Dr. Fauci Is Doing a Good Job So It's Only a Matter of Time Before Trump Fires HimPolitics
Dr. Anthony Fauci, the Director of the National Institute of Allergy and Infectious Diseases, has emerged as a lone voice of reason during President Trump’s daily covid-19 press briefings. He’s the one person Americans have been able to rely on to separate fact from administration-ordained fiction, and that’s precisely why his days might be numbered.
The New York Times reports that Trump has become “frustrated with Dr. Fauci’s blunt approach at the briefing lectern, which often contradicts things the president has just said.” This was most recently apparent during Friday’s presser, when Fauci was asked whether the drug hydroxychloroquine is an effective prophylactic against coronavirus, given anecdotal reports that it has been used as a preventative measure against the virus. Fauci said no; moments later, Trump said that he felt “good” about hydroxychloroquine treatment and that the government has already ordered millions of units of the drug.
The contradictions are occurring off the lectern as well. On Sunday, Science magazine published an interview with Fauci, in which he asserted that he will never call covid-19 the “Chinese Virus,” as the Trump is fond of, and that he isn’t afraid to call the United States’s current response an abject failure. From Science:
Q: Big Picture. We’ve had all this pandemic preparedness. Why did this fail? What went wrong?
A: I think we’ll have to wait until it is over and we look back before we can answer that. It’s almost like the fog of war. After the war is over, you then look back and say, wow, this plan, as great as it was, didn’t quite work once they started throwing hand grenades at us. It really is similar to that. Obviously, testing [for the new coronavirus] is one clear issue that needs to be relooked at. Why were we not able to mobilize on a broader scale? But I don’t think we can do that right now. I think it’s premature. We really need to look forward.
But Fauci was cagey in his response to how he manages to stand by as Trump lies. When asked why there are more than 10 people on the stage during Trump pressers and more than 10 journalists in the audience, Fauci replied, “I know that. I’m trying my best. I cannot do the impossible.” In response to a claim that the success of Trump’s China travel ban was a farce, Fauci said, “I know, but what do you want me to do?” He later added that when it comes to Trump spreading lies and misinformation, “I can’t jump in front of the microphone and push him down. OK, he said it. Let’s try and get it corrected for the next time.”
You can practically see his hands wringing themselves into knots.
Fauci joked that he hasn’t been fired yet, and made a point to mention that though he and Trump disagree, the president does listen to him. Still, in the Trump administration, loyalty takes precedent above hard truths. This has been the case time and again, as evidenced by the constant dismissals from the Trump administration. And lost in the malaise of covid-19 and the democratic primary was the news of the Trump administration’s most recent gutting of its White House staff.

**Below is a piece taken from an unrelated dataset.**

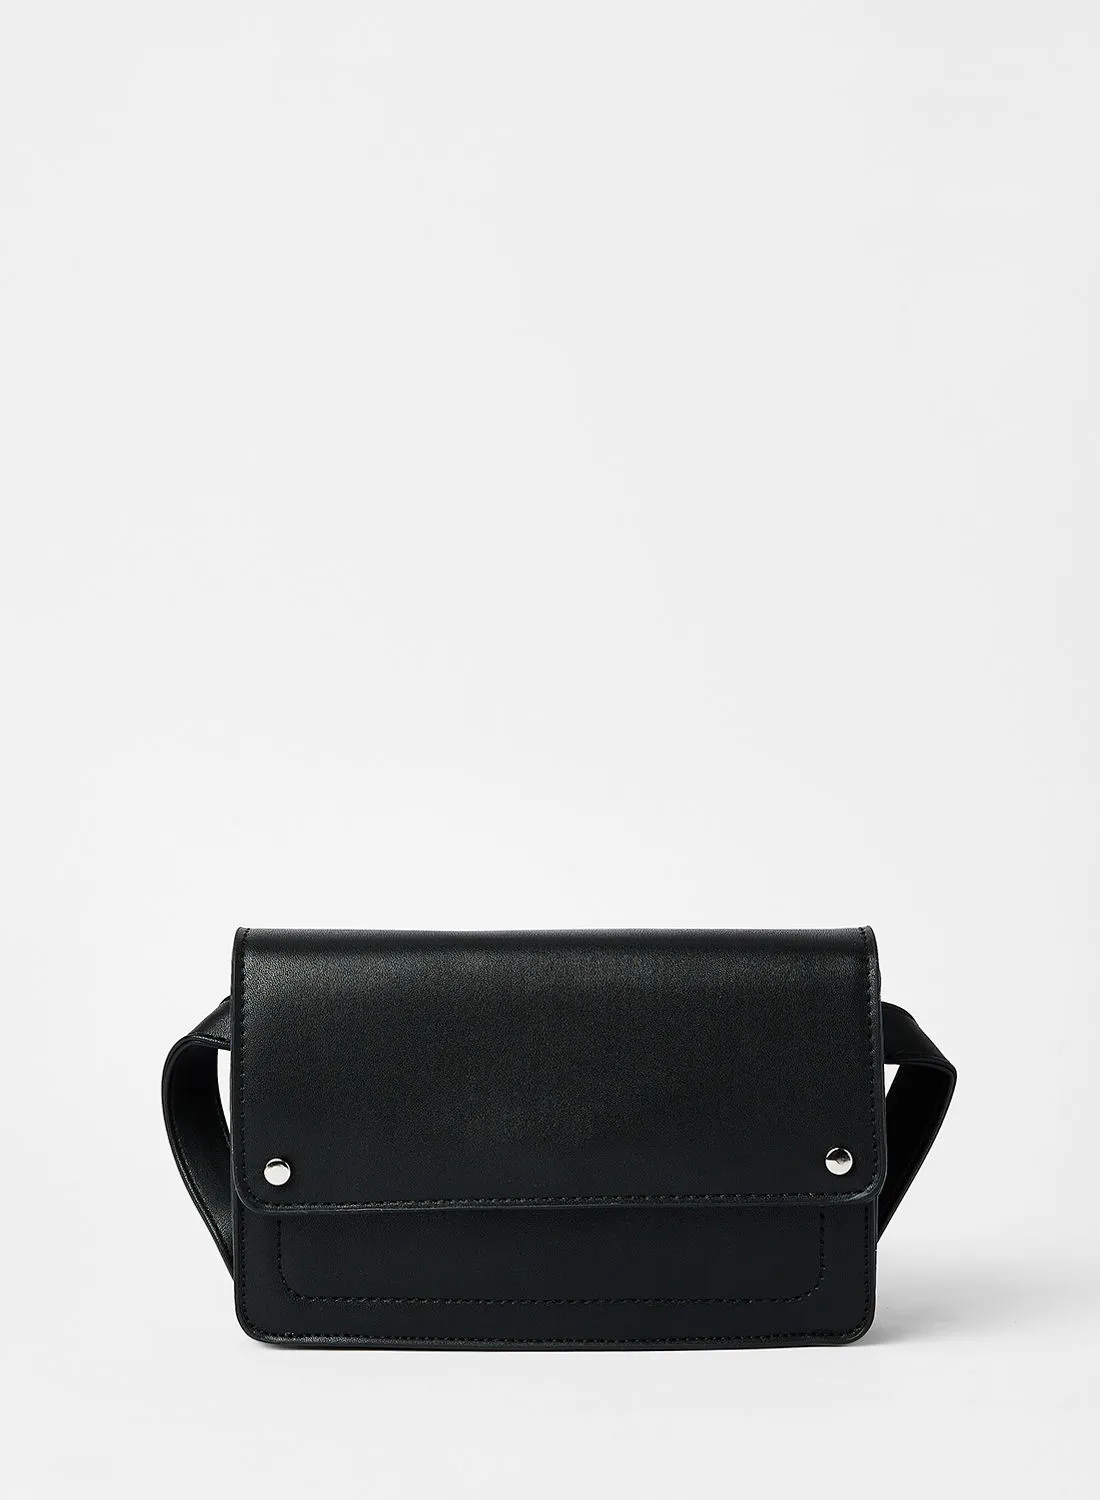 LABEL RAIL حقيبة كروس جلد صناعي سوداء

Earlier this month, Trump lauded Fauci as having become a “major television star” with his numerous news program appearances. But as much as Trump values one’s ability to shine in front of the cameras, he only celebrates it to a point. Once an official is seen as more credible than Trump with the press—or even just doing their job well, in contradiction with Trump’s behavior—he sends them packing… quickly.